A finales de la Edad Media en Europa se daba una creciente demanda de especias,
sedas, joyas y artículos suntuarios provenientes de la India y de la China, pero la ruta
terrestre a través de los territorios dominados por el hostil imperio otomano era en
extremo peligrosa. La ciudad de Bizancio, el último bastión cristiano en el medio
oriente, había caído en manos de los musulmanes en 1453, por lo que los comerciantes
europeos se vieron obligados a buscar rutas alternas por el mar, circunnavegando el
continente africano, o aventurándose en mar abierto con la esperanza –para muchos
absurda- de llegar a oriente navegando en dirección a occidente.

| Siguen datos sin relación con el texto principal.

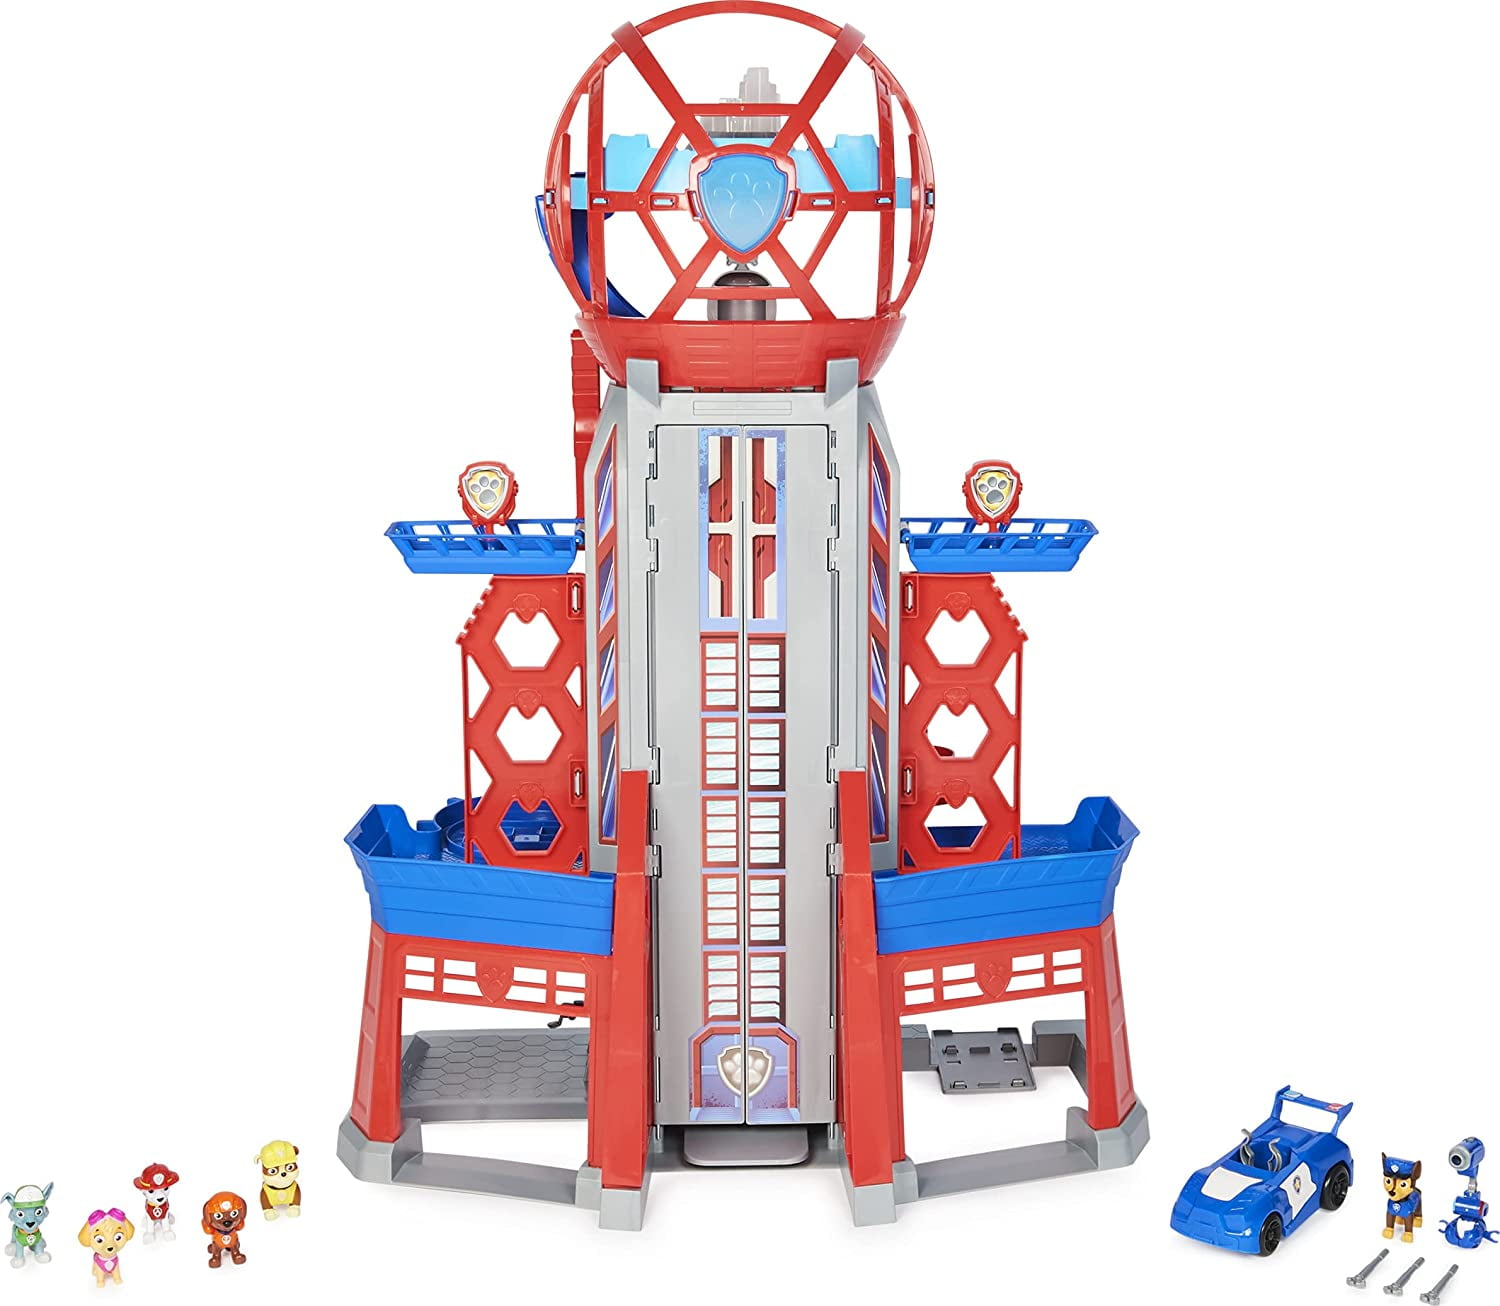 Paw Patrol, Movie Ultimate City 3ft. Tall Tower with 6 Action Figures, Toy Car, Lights Sounds, Kids Toys for Ages 3 and up - Walmart.com

La redondez de la Tierra era un hecho bien establecido desde la época de oro de la
astronomía alejandrina, y no constituía una novedad para las personas cultas en la Edad
Media, aunque entre la población corriente prevaleciera la creencia de que el universo
tenía forma de cajón, a imagen y semejanza del Arca de la Alianza. Pero si bien la idea
de la esfericidad no era novedosa en sí, la magnitud del círculo terrestre, estimada
inicialmente por Eratóstenes de Cirene tres siglos antes de nuestra era, era bastante
dudosa, puesto que no se sabía a ciencia cierta a qué unidades correspondían los
estadios utilizados por el astrónomo alejandrino para expresar el valor que había
calculado, luego de observar que a mediodía en el solsticio de verano los rayos caen
perpendicularmente sobre la ciudad de Siena, hoy Asuán, mientras que a la misma hora
en Alejandría, situada unos ochocientos kilómetros al norte, los rayos del Sol hacen un
ángulo de unos siete grados respecto a la perpendicular. De acuerdo con lo anterior
Eratóstenes estimó que la distancia de Siena a Alejandría correspondía a un cincuentavo
de la circunferencia terrestre. Sin embargo el astrónomo, o sus exégetas, no dejaron en
claro si se trataba de estadios griegos o romanos. En uno de los casos el cálculo
coincidiría en un sorprendente 0.5% con el valor actualmente aceptado, mientras que en
el otro llegaría a un más comprensible 17%. Sin embargo los cálculos de Colón estaban
muy lejos de estos valores. Partiendo de sus propias interpretaciones de la información
disponible en la obra de Marco Polo, que sugería que las tierras de oriente se
prolongaban de manera considerable hacia occidente, y en los trabajos del geógrafo
clásico Marino de Tyro y del geógrafo italiano Paolo Toscanelli, el genovés calculó que
la isla de Cipango, el actual Japón, se encontraba muy cerca de donde finalmente topó
con tierra firme el 12 de octubre de 1492, y que las costas de China se encontraban a
escasas dos mil millas náuticas de Las Canarias.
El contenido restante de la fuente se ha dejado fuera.